Holding Hands



Growing up in New Delhi, my sister and I did everything together. We shared the same schools, the same games, books, clothes, fights.... We plaited each other’s hair, screamed and scratched each other’s faces, held each other through cramps. I was the older one, so I had to take care of her: clean her up when she got hurt; gently re-pierce her ears every few months when they closed up; hold her hand while crossing the road. We did everything together and the first time we were apart for more than a few days was when I went to the US for college.



When I met my sister again two years later, she'd come to the same tiny college. One day, we walked down the street together and my hand slipped into hers, unthinking, as we crossed a road. One block further, another; we passed a big beefy man with groceries, a group of teenage boys roughhousing, the click-clack of a woman in high heels. She suddenly tugged her hand out of mine, uncomfortable, shamefaced, aware of the stares lingering on us, the carefully blank faces and judging eyes. “They think we’re together. They think we’re like that.”

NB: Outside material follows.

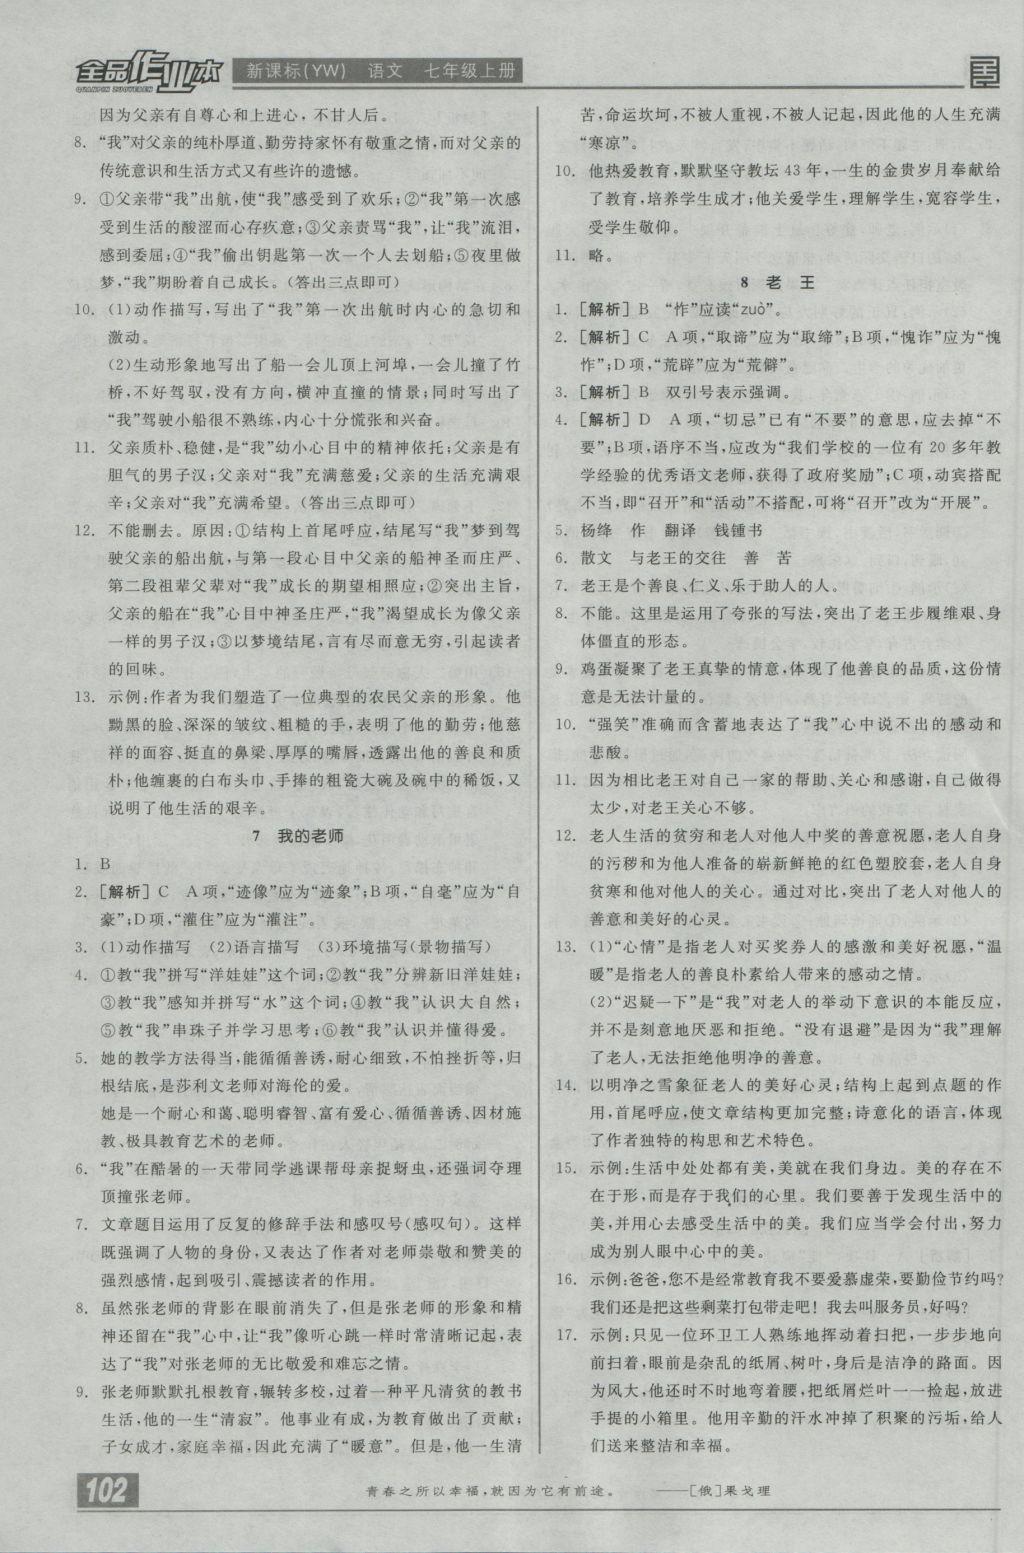 2016年全品作业本七年级语文上册语文版参考答案第4页
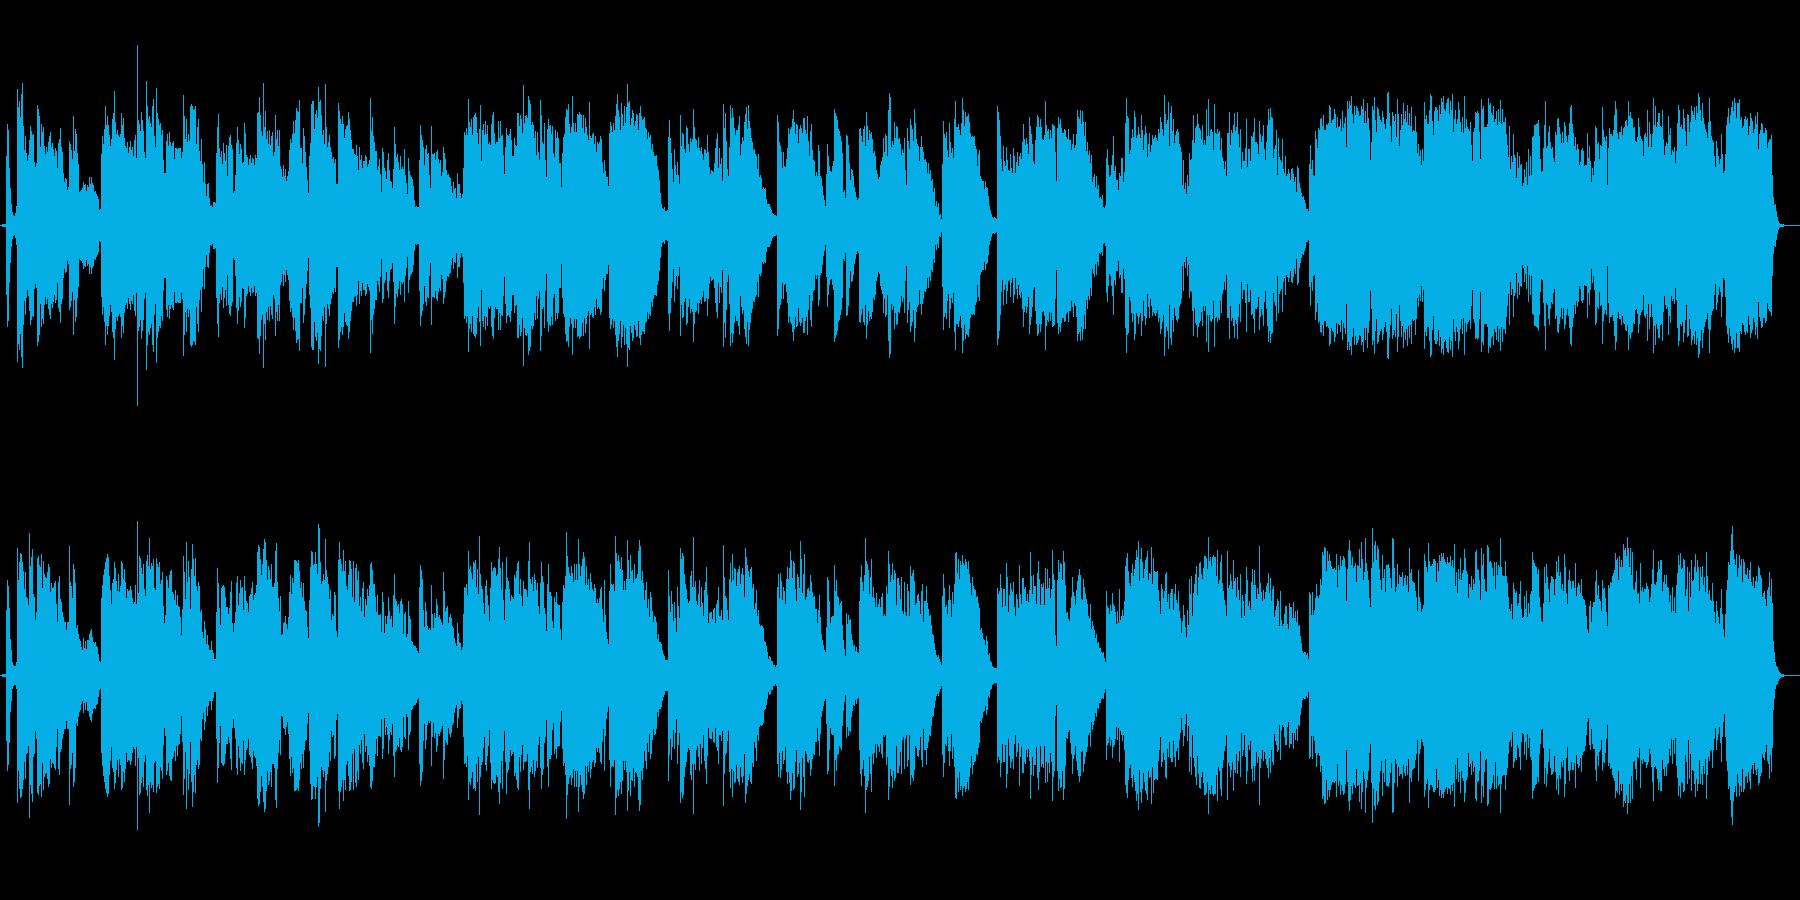 尺八とピアノの荘厳な楽曲の再生済みの波形

A year later, I would walk down that street again, this time holding my lover's hand, her long arms making me stoop and nestle into her. We would walk that way many times, laughing, tongue in cheek, foot in mouth, arm in arm, hand in hand. Over the years, I would hold hands with lovers many times: on a frozen bridge above the Chicago River; standing next to a ferry on the Pacific Ocean; back in the chaos of a veg-and-fruit market in Delhi; late at night in an auto, hands held tight to stop lips coming together, the auto driver staring at us in his rear-view mirror. I’d hold hands forming a circle with women singing protests against the ‘honour’ killings of women who married outside their community; with queer friends carrying a pride flag for the first time in Delhi; with a complete stranger, dressed in sequins and gold, who lit his candle from mine at a vigil for the thousands dying with HIV/AIDS and clutched my hand throughout the moment of silence.... But I'd never hold my sister's hand again.